Denji put down the bowl, now half-empty. He gulped down a mouthful of soup and said, "Tastes great!" Then he picked up his piece of toast and ate half of it in one bite. There was some jam and butter on it already, and he hummed. "It's no super toast, but it's good too!"

Kobeni smiled. She savored a sip of her soup. It always came out too salty when she made it, but she was happy with the way this batch had turned out. It was a little closer to how her dad used to make it. It was the one thing he could make. "I'm sorry I don't have more food."

"Hey, this shit's good! It's better than I used to have, anyways." Denji shrugged it off. "Plus, Power's not trying to take shit off my plate today. So I actually get to eat all my food!" He grinned, before tossing the rest of his toast in his mouth.

"Do you want coffee?" Kobeni asked.

"Coffee? You drink that shit?" Denji stuck his topngue out. "It tastes like mud!"

"I-I really like it…"

"Your taste sucks, Higashiyama!" He declared. "Make good soup, though. Power and Aki would love it."

"M-maybe I could make something the next time I'm over," She replied. "I-I wouldn't want to impose, b-but I know Aki's the one who cooks, so…"

Denji grinned. "As long as I get to eat, I don't care who cooks it!"

"Right…" She hid her frown. "H-hey, Denji, do you wanna go home? My boss said today could be a day off, s-so if you don't want to work, we can get you back to Hayakawa-san's place."

"This place is fine too!" He said. "It's warm and cozy."

Kobeni looked around. The paint on the walls were chipped. There was a tear in the couch's upholstery. Smoke stains covered the ceiling of the kitchen. The shower had no hot water. The corners were filled with shadows. "Is it cozy?"

"Yeah! You got pictures on the walls and shit, its like the houses people talk about on TV and shit!" Denji pointed at two portraits hung up on the wall. One was her graduation picture. The other was her brother's middle school graduation. Highest honors.
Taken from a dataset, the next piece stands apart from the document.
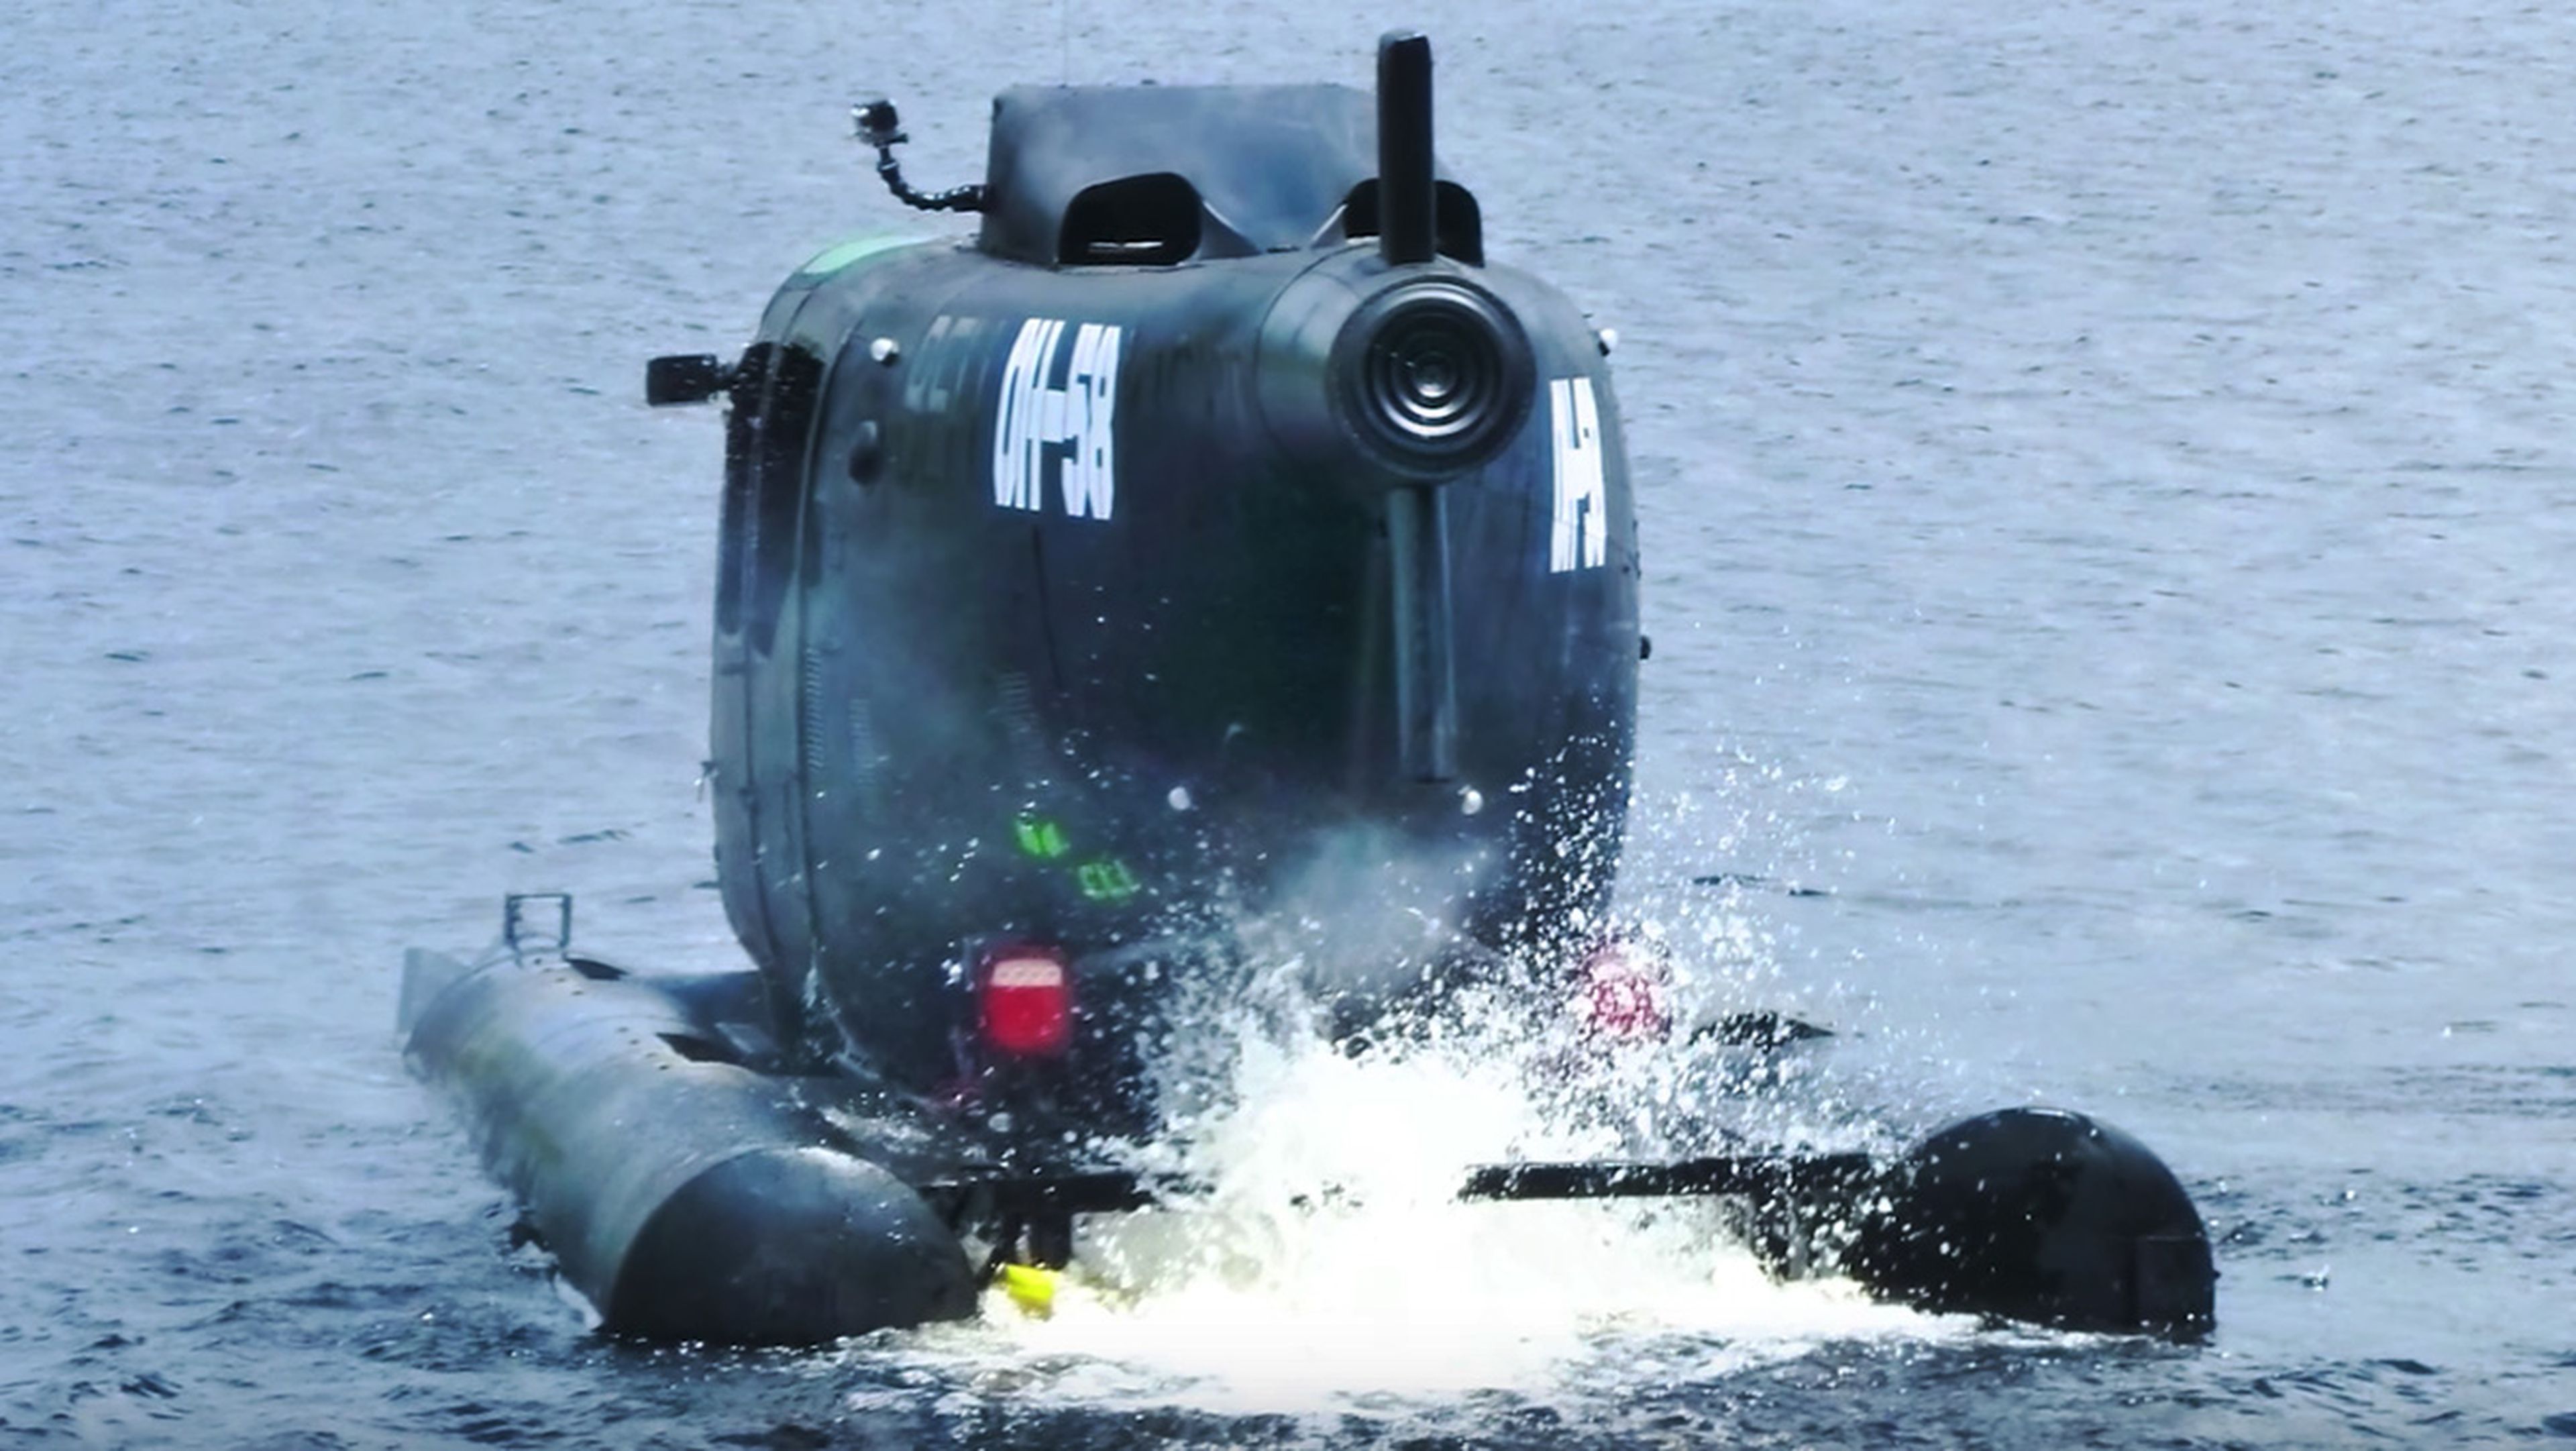 Un tipo ha transformado un helicóptero militar en un coche amfibio

Her parents were so proud. "Aki's got nothing on the walls, just white paint! It's boring as hell. Power wants to nail some mice she found to the walls but Aki says it'll smell, so she just let Meowy eat them."

"A-a-ah." Kobeni half-acknowledged, half-whined. "W-w-well, I think we should at least check in so Hayakawa-san knows what's going on. We'll take the train to headquarters and call from there, then head back?"
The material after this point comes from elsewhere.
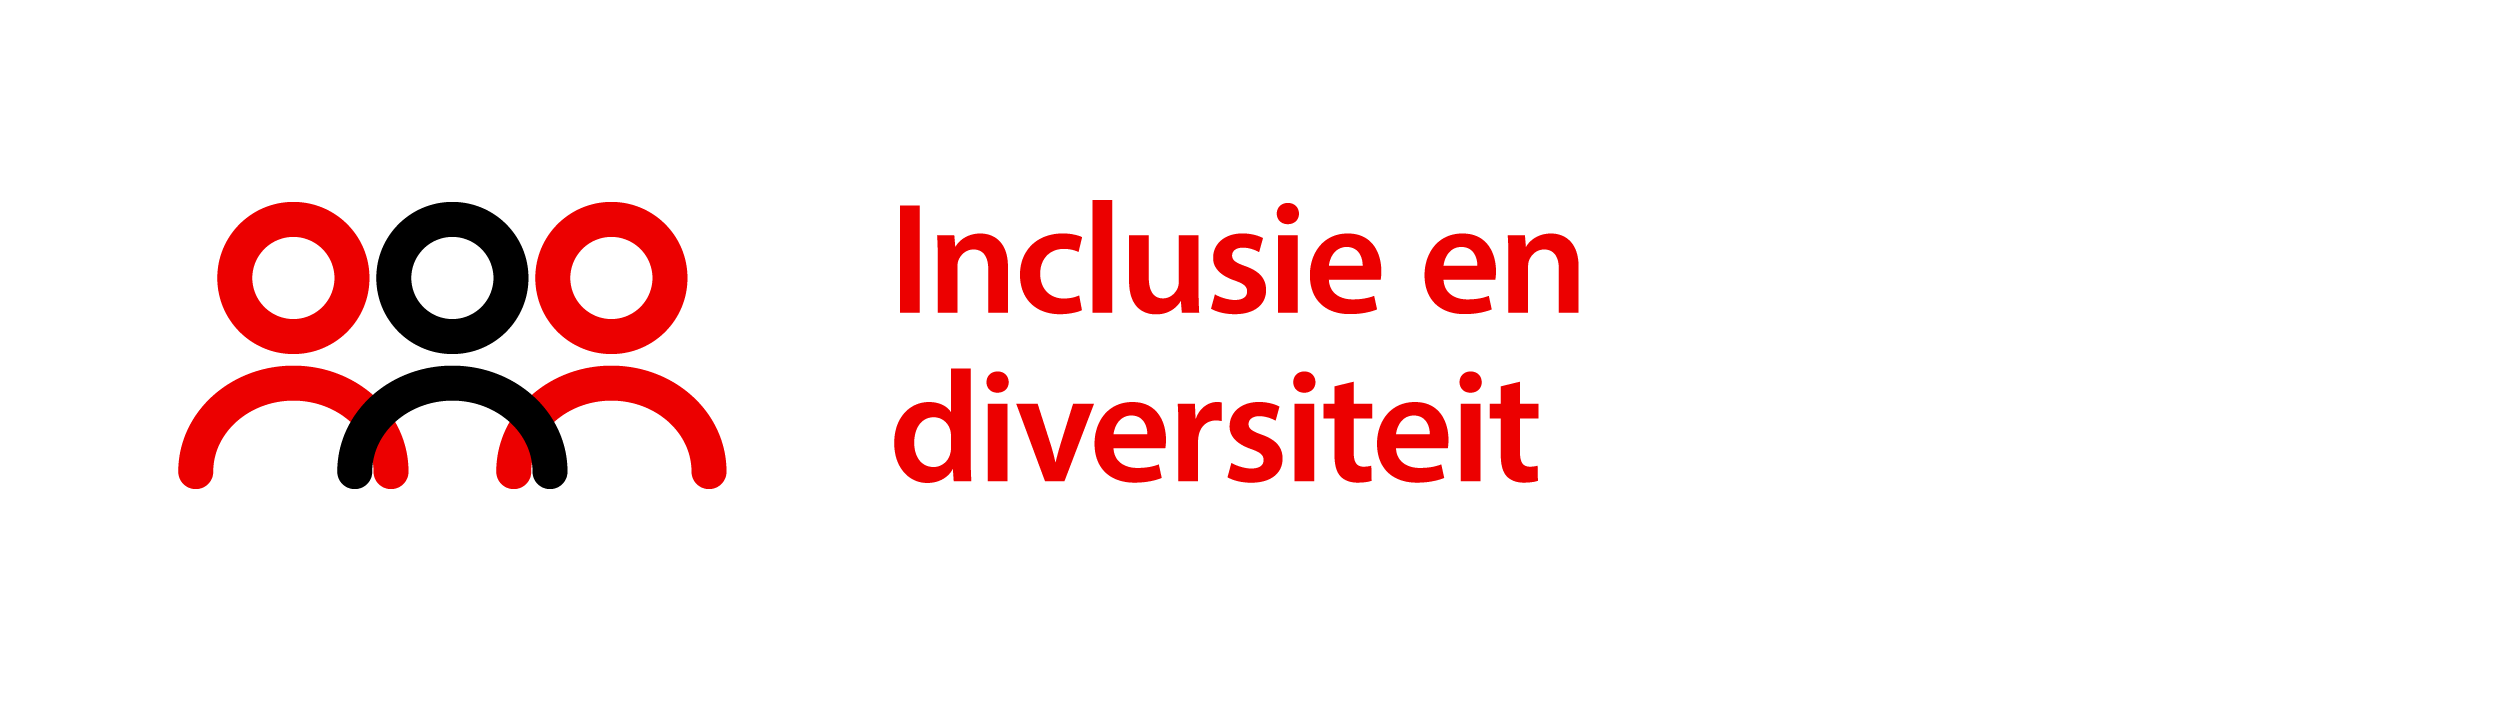 DNUS thema Inclusie en diversiteit

"Sure, sure, whatever." Denji shrugged. "Just no point going home to look at empty walls if I can be here instead, y'know?"
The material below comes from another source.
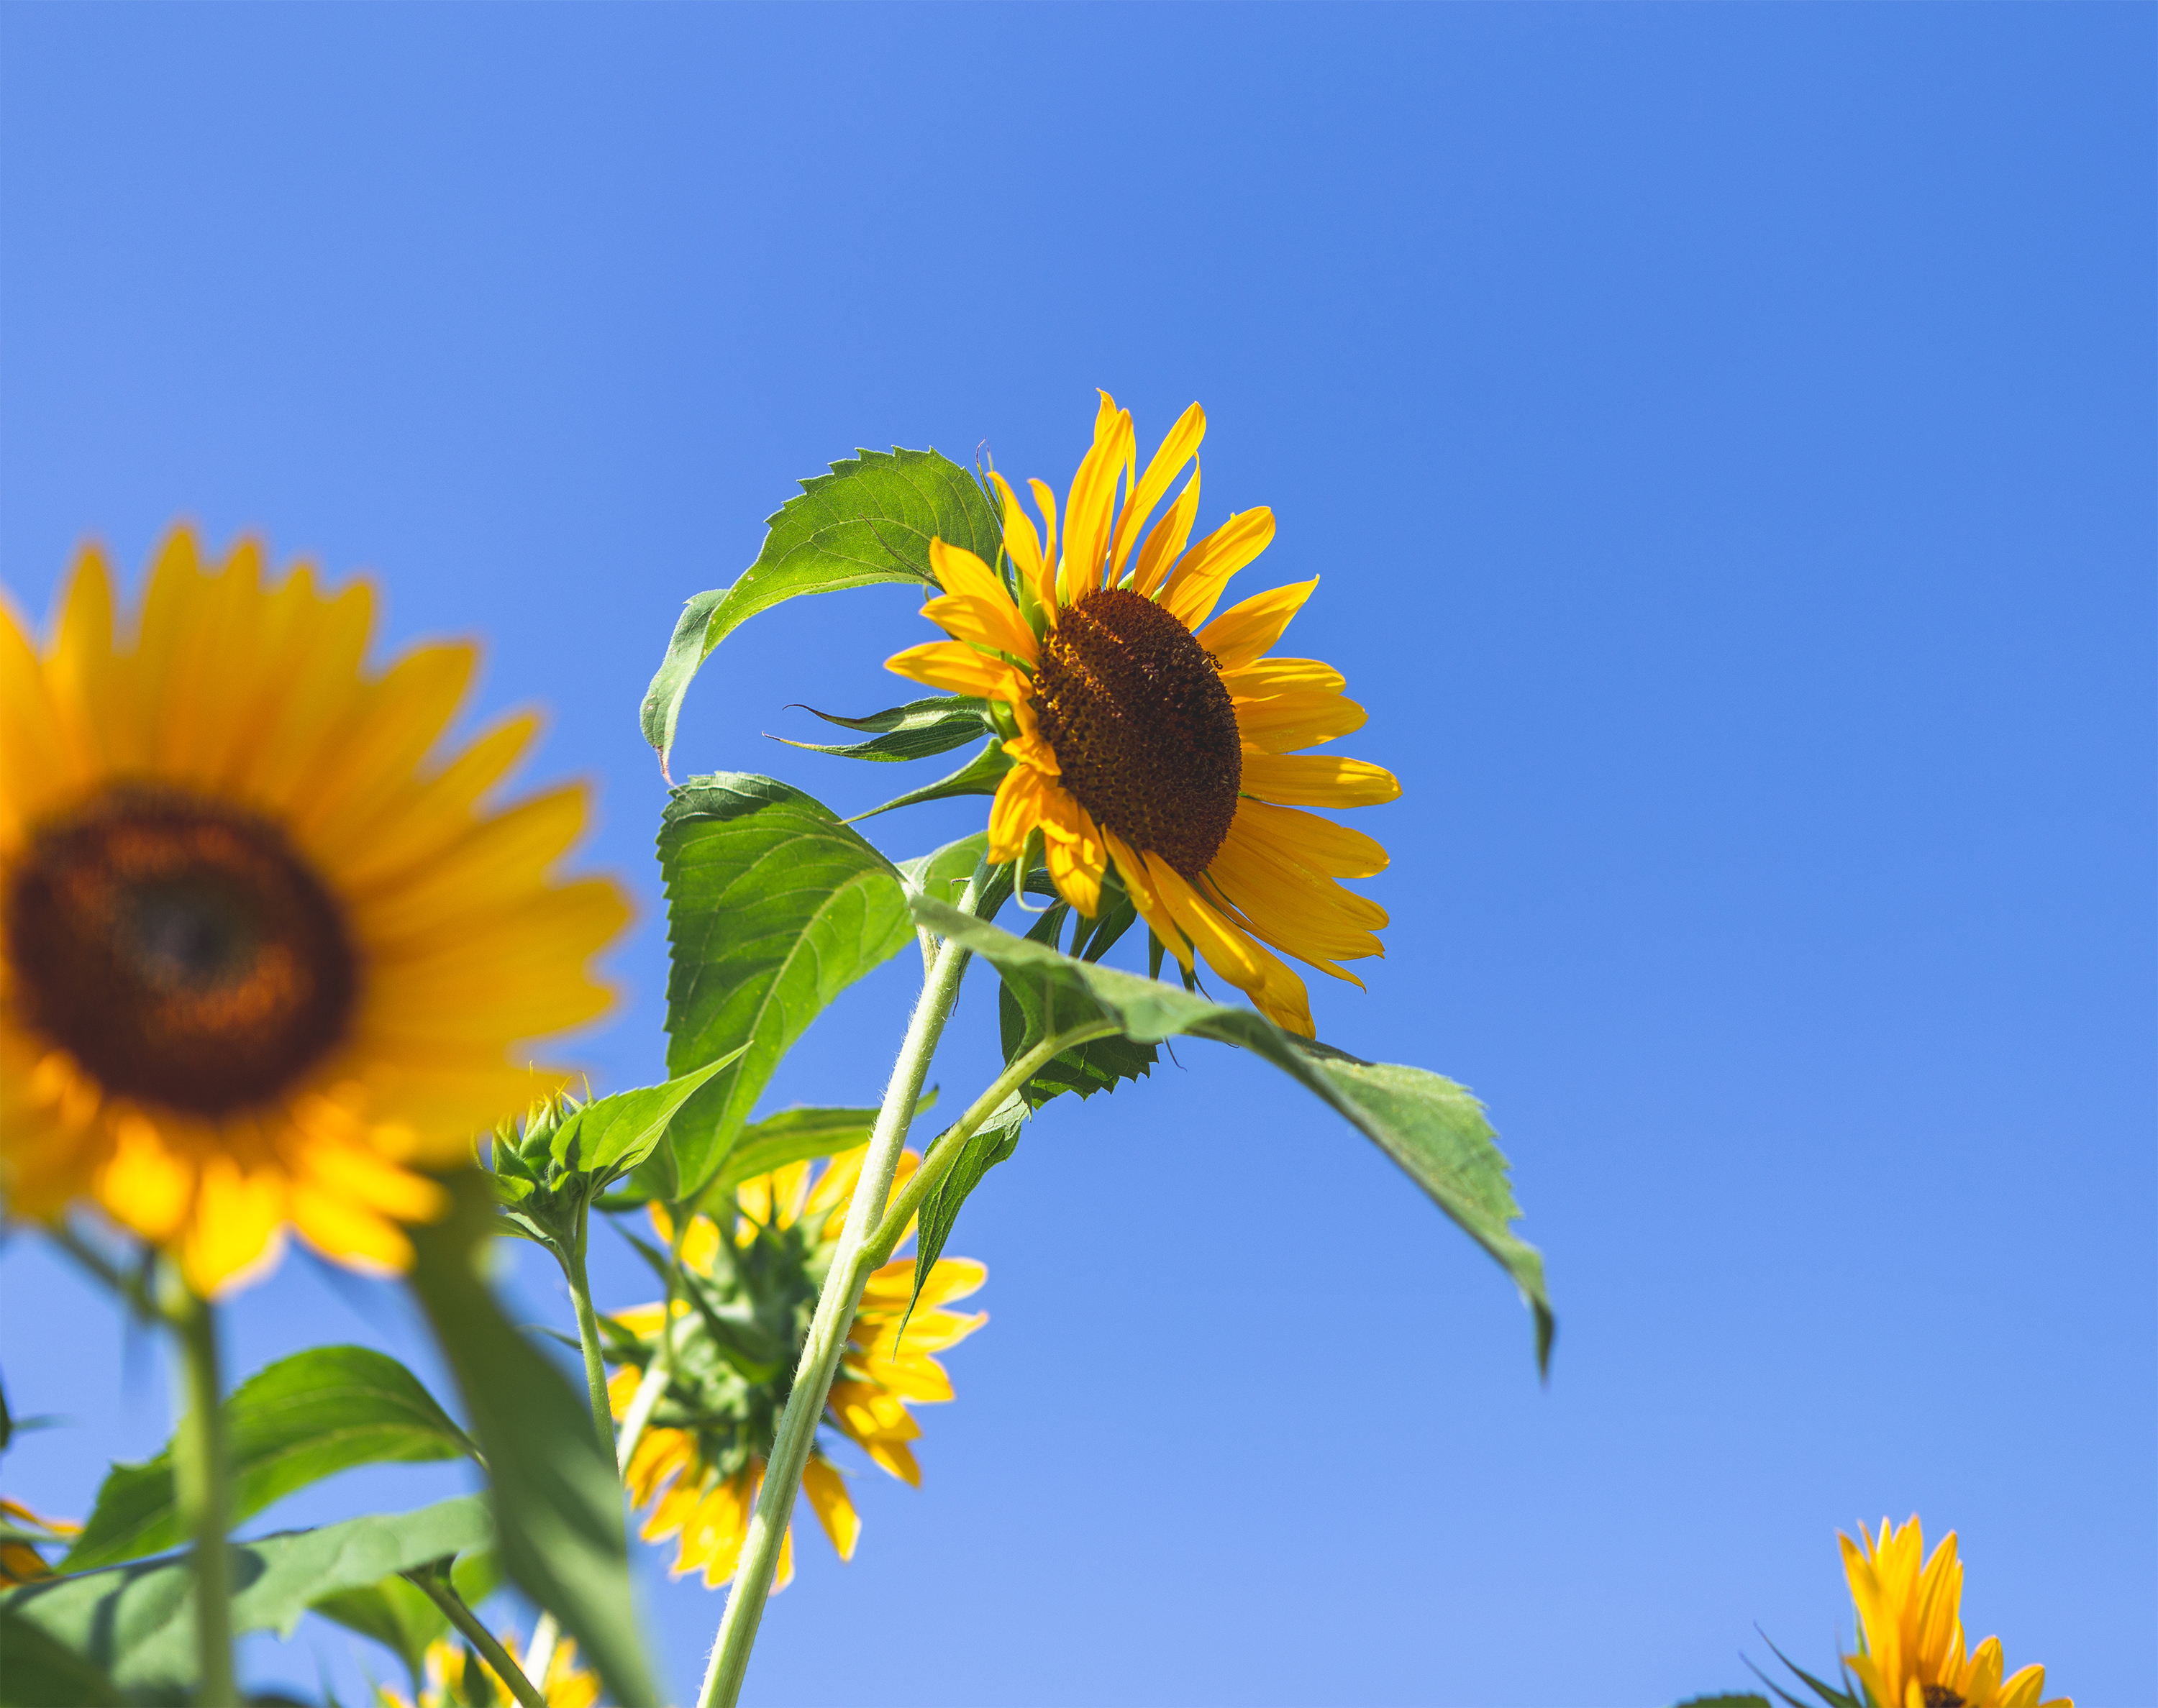 ひまわり 向日葵 と夏の空03 無料の高画質フリー写真素材

She felt the same way. She hated it here. But if he'd rather be here than back at his place, it was her job to indulge him, right? "L-let's head out when I finish my coffee."

The station felt closer when she was sober than when she was drunk, in broad daylight than in the cover of night. Denji followed behind her with his ruffled t-shirt and pants from the night before. Somehow, his clothes had escaped Himeno's outburst, a fact that Kobeni was endlessly grateful for. He sat next to her on the train, the rush of the morning thankfully absent.

At the next stop, some people got on, and others got off. A few men sat down in the seats across from them. One of them pulled out a book. Another crossed his arms and stared out the window. But the third simply stared at the floor, elbows on his knees, like he was going to keel over and fall asleep. He wore a long coat. Denji paid them no mind. Kobeni's anxieties made sure she did.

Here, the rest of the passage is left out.